Google has been testing out its egg-shaped self-driving cars for a while now – the company says its cars have racked up over 1.2 million miles.
There have been a few bumps in the road: one of Google’s cars was pulled over by police in Mountain View, California for driving too slow; and there have been a few minor accidents where inattentive human drivers rear-ended a Google car.
In all of those test drives, a human has been riding along, like a drivers’ ed teacher riding shotgun to a teenaged student.
Google doesn’t want to produce cars that need a human assistant, however. The idea behind self-driving cars is that they should be autonomous – able to operate without a human’s input.

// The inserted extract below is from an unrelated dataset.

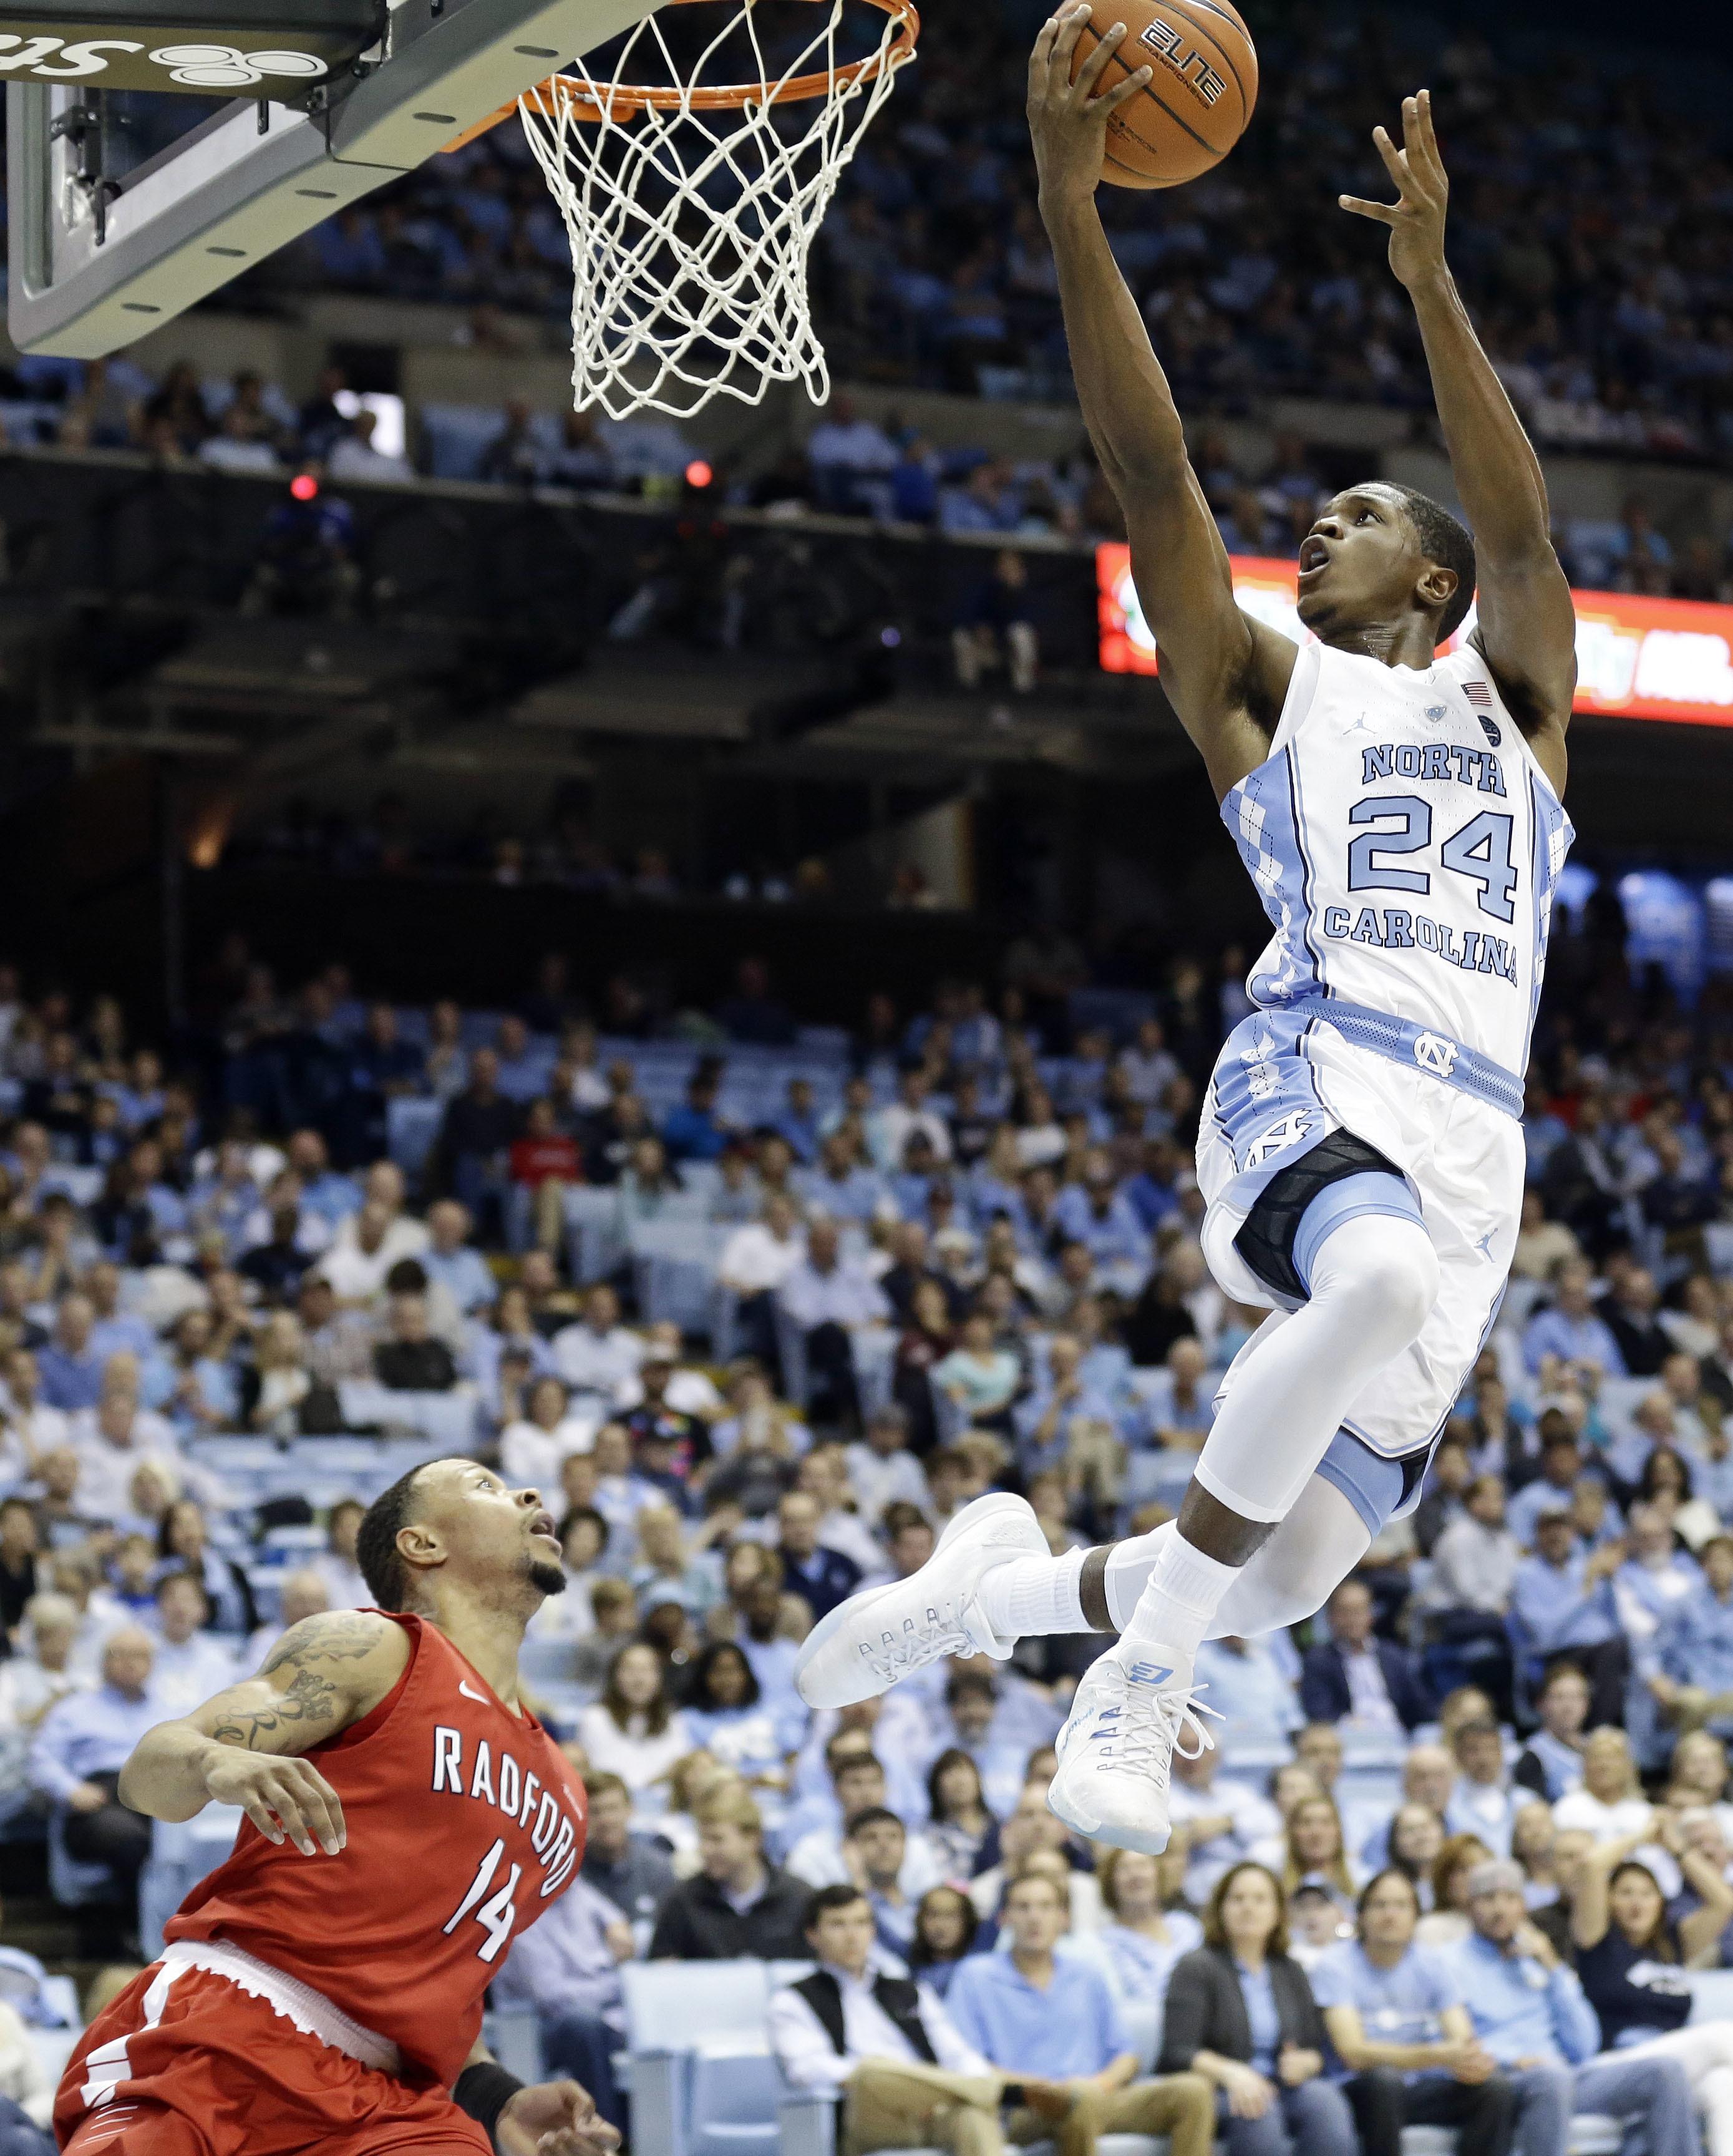 UNC Guard Kenny Williams (24) during the NCAA Basketball game

On the way to what seems like the inevitable arrival of fully autonomous vehicles, Google asked the US government for guidance about how self-driving cars could meet national vehicle safety standards, which assume a human driver.
The National Highway Traffic Safety Administration (NHTSA) came back with its answer last week.
In a letter to Chris Urmson, director of Google’s self-driving car project, the NHTSA said that it agreed with Google that the “driver” in a self-driving car is the self-driving system (SDS), not any human occupant.
Although the government’s rules as currently written are still in effect, NHTSA’s ruling paves the way for new safety rules that don’t require things like hand brakes and steering wheels that an autonomous vehicle has no need for.
Google argues that requiring brakes that could be operated by a human could actually be “detrimental to safety because the human occupants could attempt to override the SDS’s decision,” Google said.
The NHTSA can only enforce existing regulations, not create new ones, so Google can’t claim victory quite yet.
But the government’s response indicates that Google – and any other self-driving car designer, whether it be Tesla, Apple, or someone else – may petition to get an exemption to some of the safety rules.
And the NHTSA’s ruling means that Google can start working on its designs with the assumption that the days of “driver” referring to only a human operator are over.
Among other things, writes Philip E. Ross at IEEE Spectrum, Google can begin:
… [designing] the various parts of an automatic driving system to deal directly with the artificial pilot without first clearing things with the primate who may be sitting in the front seat.
We’re officially in the territory of making up the rules as we go along.